Database activity logs and/or values from pg_stat_statements. It’s better to have these configured before you start having problems1. I find both to be useful; pg_stat_statements is great for finding average timings etc, but it’s the activity log that shows I’m having slowness issues at certain times of the day, or for certain versions of the query (example: an IN clause with 980 values), or what have you.
Application logs, if I have them and they include results/errors/timings or other potentially useful information.
pg_stat_user_tables metrics for all tables involved. This helps me determine if VACUUM/ANALYZE is keeping up with table churn.
What’s the EXPLAIN plan? How about EXPLAIN (ANALYZE, BUFFERS)? Remember EXPLAIN ANALYZE actually runs the query, so act accordingly.
Additional useful questions:
How do query run times compare measured locally vs user perception? Example: the query runs in 2ms locally, but my end user doesn’t see data for half a minute. As a DBA, there is not a lot I can do about this one.
Is it actually the query that’s slow? Example: `SELECT * FROM blah`, where =’blah’ is a 500k record table, then the app code filters that down to 2 records. That may be part of the problem. Let the database do what the database is good at: sorting and limiting results to specific records within the database can dramatically improve performance.

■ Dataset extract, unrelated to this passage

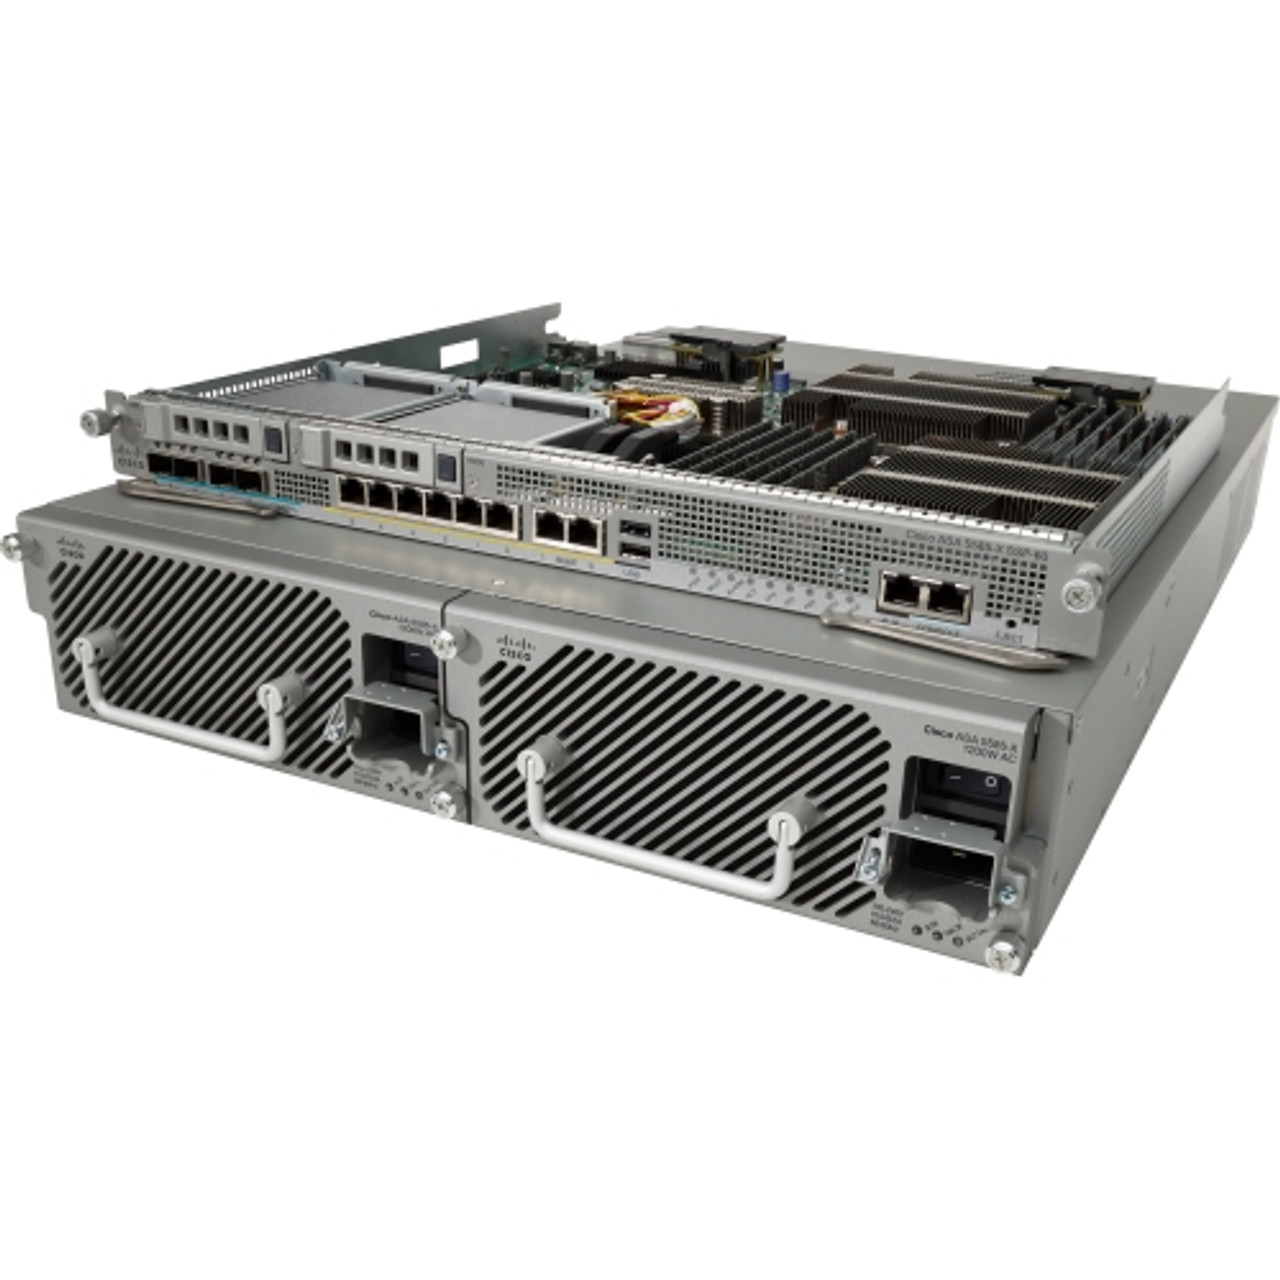 ASA5585-S20F20-K9 Cisco ASA 5585-X Network Security/Firewall Appliance (Refurbished)

How many times is this query run per request? I had a situation recently where it appeared that a very small and usually fast query was suddenly running very slowly. It turned out the code had changed and instead of running the query just once, it was running an average of 1000 times before the app returned a result to the user.
Does this query call any functions? How many times are the functions executed? Do they call other functions2
Then it’s time to dig in and fix stuff!
These steps are numbered, but aren’t necessarily in order. If EXPLAIN shows sequential scans, I’ll start by adding an index on the field involved if it makes sense to do so. (Good index candidates is a whole ‘nother discussion3.)
I test before and after every change and compare the results with what I collected earlier, especially around timings and system load.
- Tune the query
Are there any obvious culprits, e.g. CTEs4, lots of JOINs, LIKEs of this format: ‘%so cute%’ (check your index types)?
- Tune the DDL
Am I missing indexes? Do I need to normalize or :gasp: denormalize?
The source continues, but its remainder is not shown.